# Aim of the task:
Pictures aside, the data must be reproduced exactly.

# Input data:
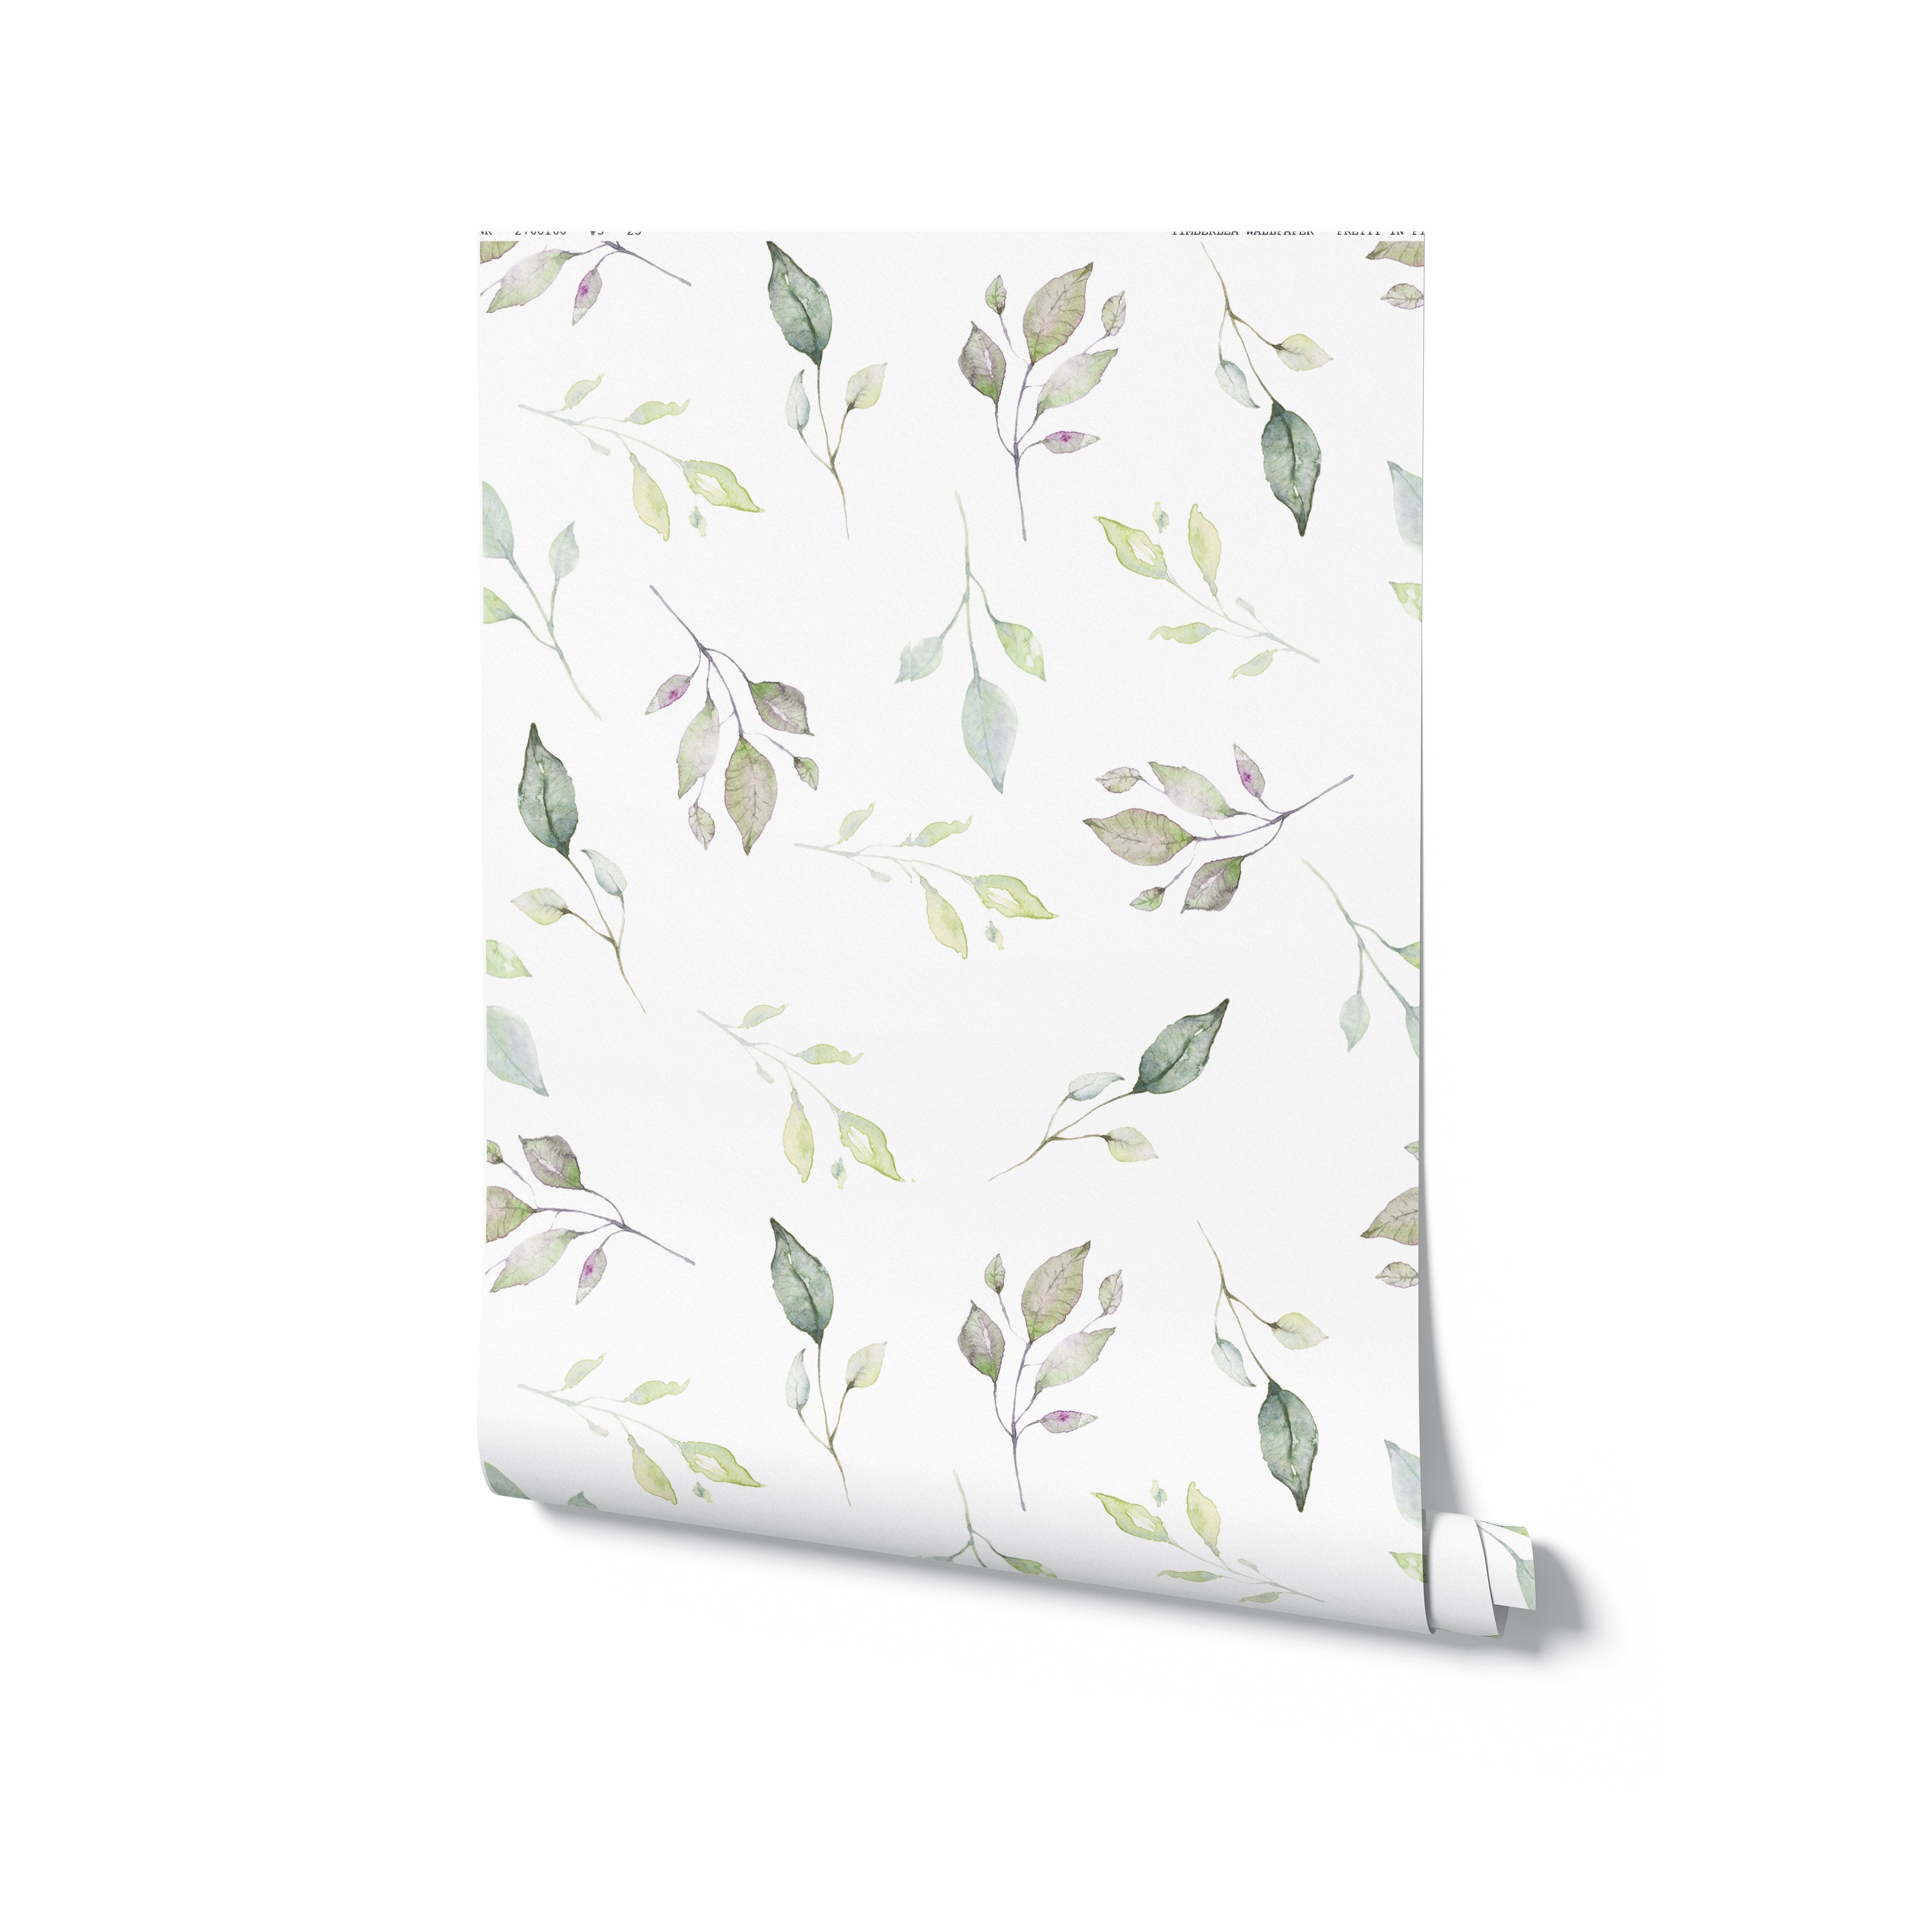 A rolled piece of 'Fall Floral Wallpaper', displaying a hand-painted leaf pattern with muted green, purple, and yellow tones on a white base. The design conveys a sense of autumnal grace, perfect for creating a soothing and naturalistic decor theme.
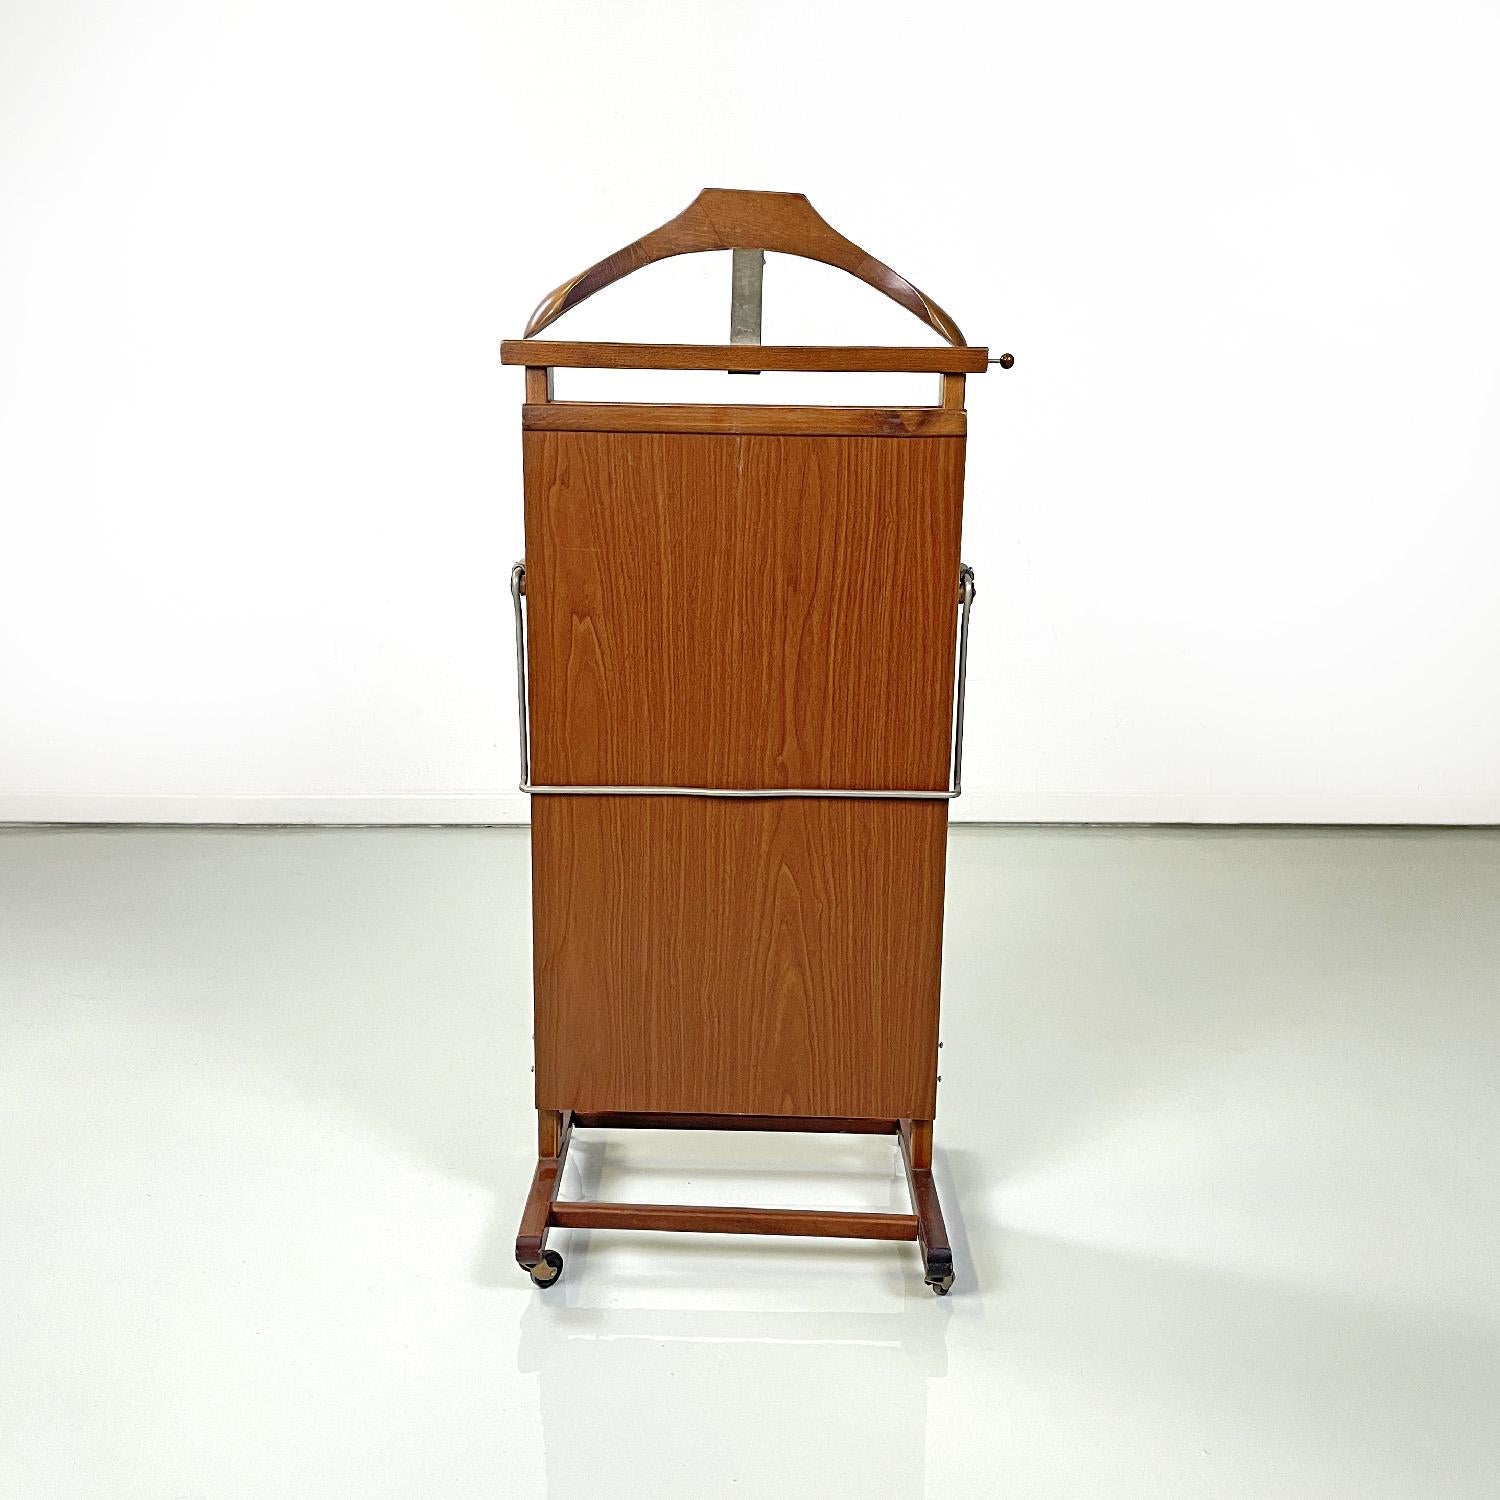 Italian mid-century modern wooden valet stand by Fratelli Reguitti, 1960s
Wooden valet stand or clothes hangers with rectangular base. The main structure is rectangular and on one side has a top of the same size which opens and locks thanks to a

# Completed task:
 A rolled piece of 'Fall Floral Wallpaper', displaying a hand-painted leaf pattern with muted green, purple, and yellow tones on a white base. The design conveys a sense of autumnal grace, perfect for creating a soothing and naturalistic decor theme.
 Italian mid-century modern wooden valet stand by Fratelli Reguitti, 1960s
Wooden valet stand or clothes hangers with rectangular base. The main structure is rectangular and on one side has a top of the same size which opens and locks thanks to a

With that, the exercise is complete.